The American Academy of Pediatrics Committee on Genetics present a recommended clinical genetics diagnostic approach to the evaluation of intellectual disability or global developmental delays. The report addresses the advances in diagnosis and treatment of children with intellectual disabilities since the original AAP report in 2006 [1]. Intellectual disability (ID) is characterized by significant limitations both in intellectual functioning and in adaptive behavior as expressed in conceptual, social and practical adaptive skills. The disability originates before age 18 years, and the prevalence is estimated at 1% to 3%. Global development delay (GDD) is defined as a significant delay in 2 or more developmental domains, including gross or fine motor, speech/language, cognitive, social/personal, and activities of daily living, and is thought to predict a future diagnosis of ID. GDD is applied to younger children < 5 years, and the prevalence is 1% to 3%, similar to that of ID. The term ID is applied to older children for whom IQ testing is valid and reliable.

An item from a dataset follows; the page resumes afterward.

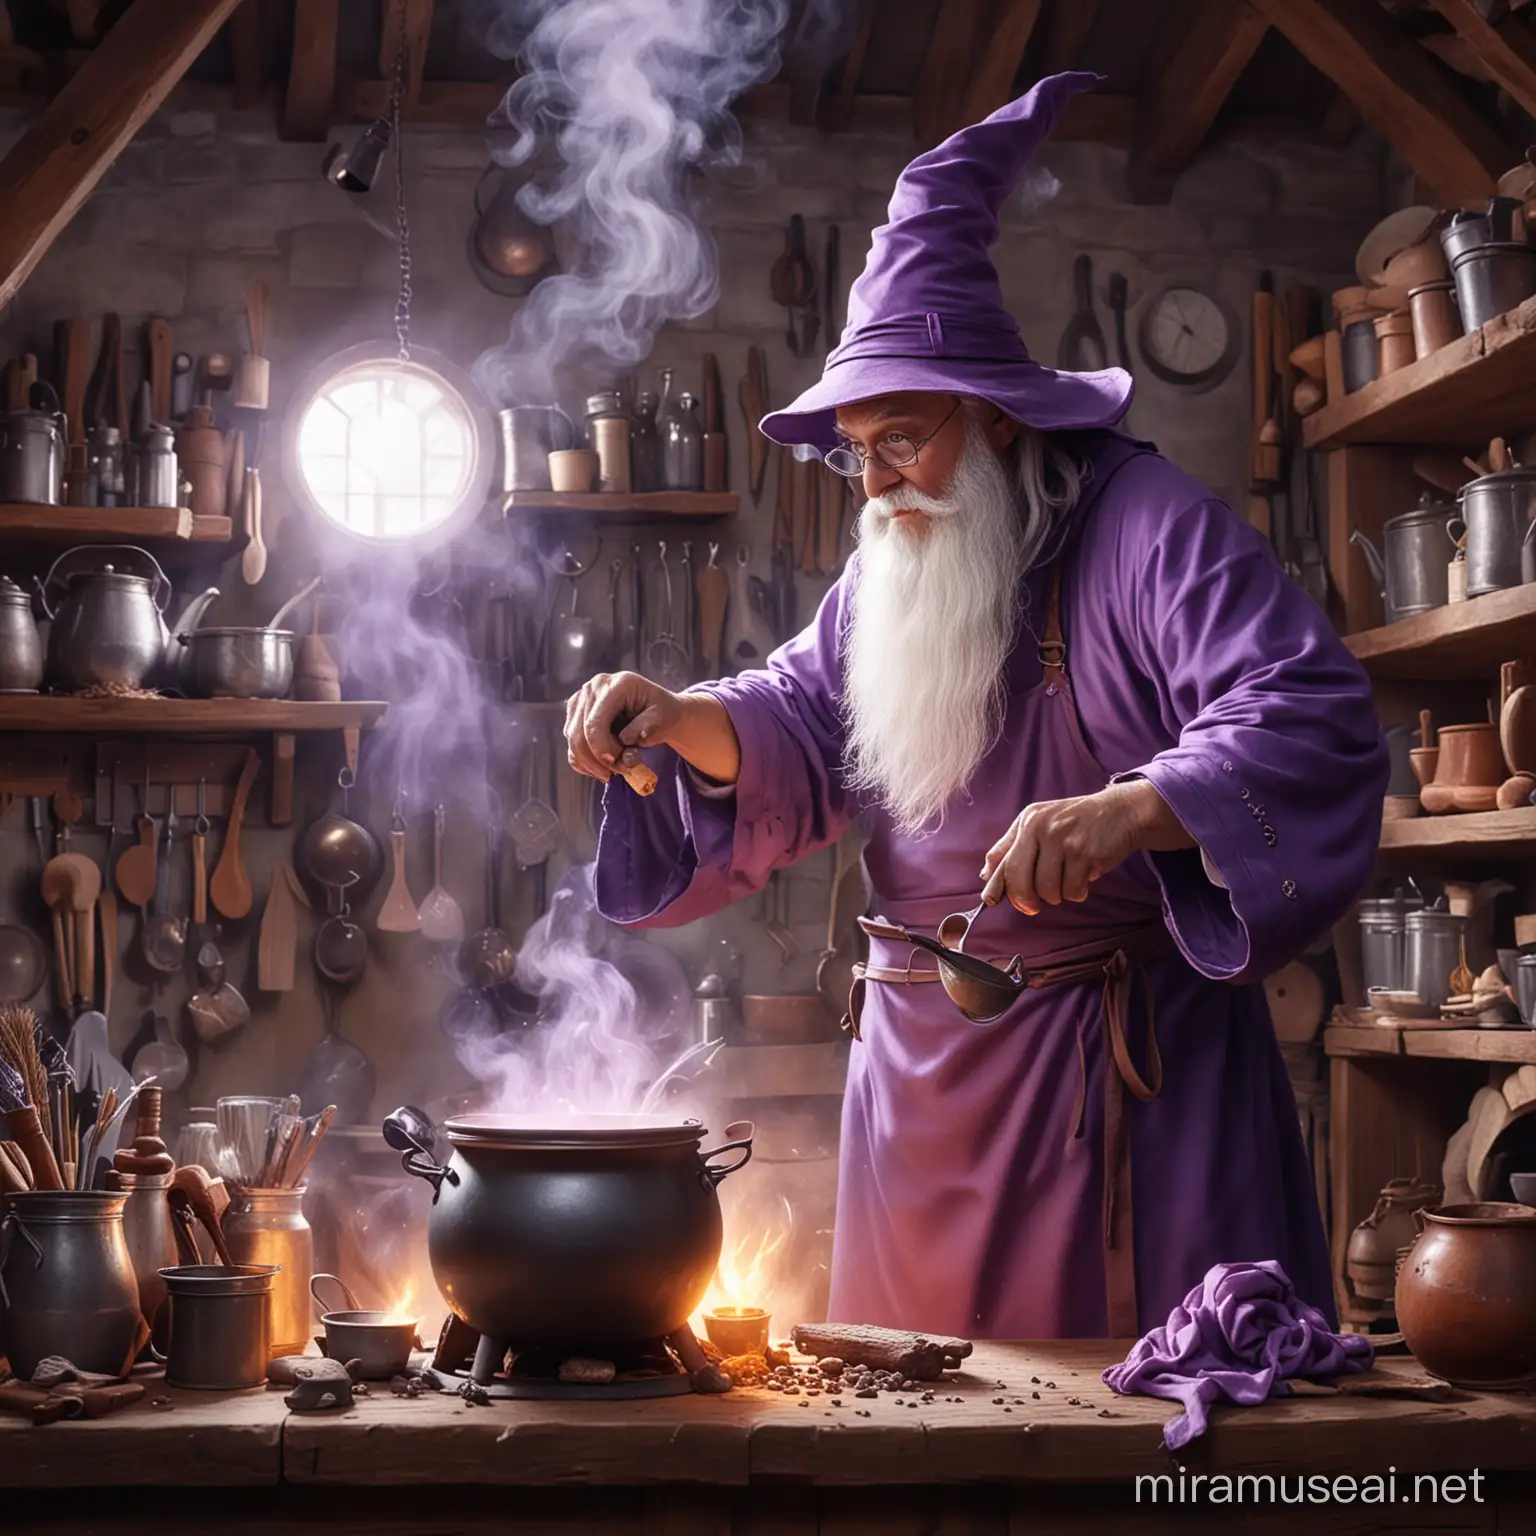 wizzard coocking in kettle in his workshop. make image drawn. light purple color theme.

In patients with GDD or ID, chromosome microarray and fragile X are first line diagnostic tests. MRI remains important in some patients. The use of whole-exome sequencing as a diagnostic test is gaining popularity. [2]

COMMENTARY. The benefits of a comprehensive evaluation were studied in 20 families of children with ID, with and without an etiologic diagnosis [3]. A diagnosis was thought to help guide expectations and management and provide hope for treatment. Diagnosis assisted families in obtaining desired services, especially in schools. Families differed in their “need to know” a specific diagnosis, ranging from strong to indifferent. Families varied in their emotions and actions regarding prenatal genetic diagnosis. The importance of the pediatrician and clinical geneticist discussion is stressed before deciding on the best approach to the diagnostic evaluation. The pediatric neurologist has an equally important role in the arrival at the correct etiological diagnosis and management of a child with GDD or ID.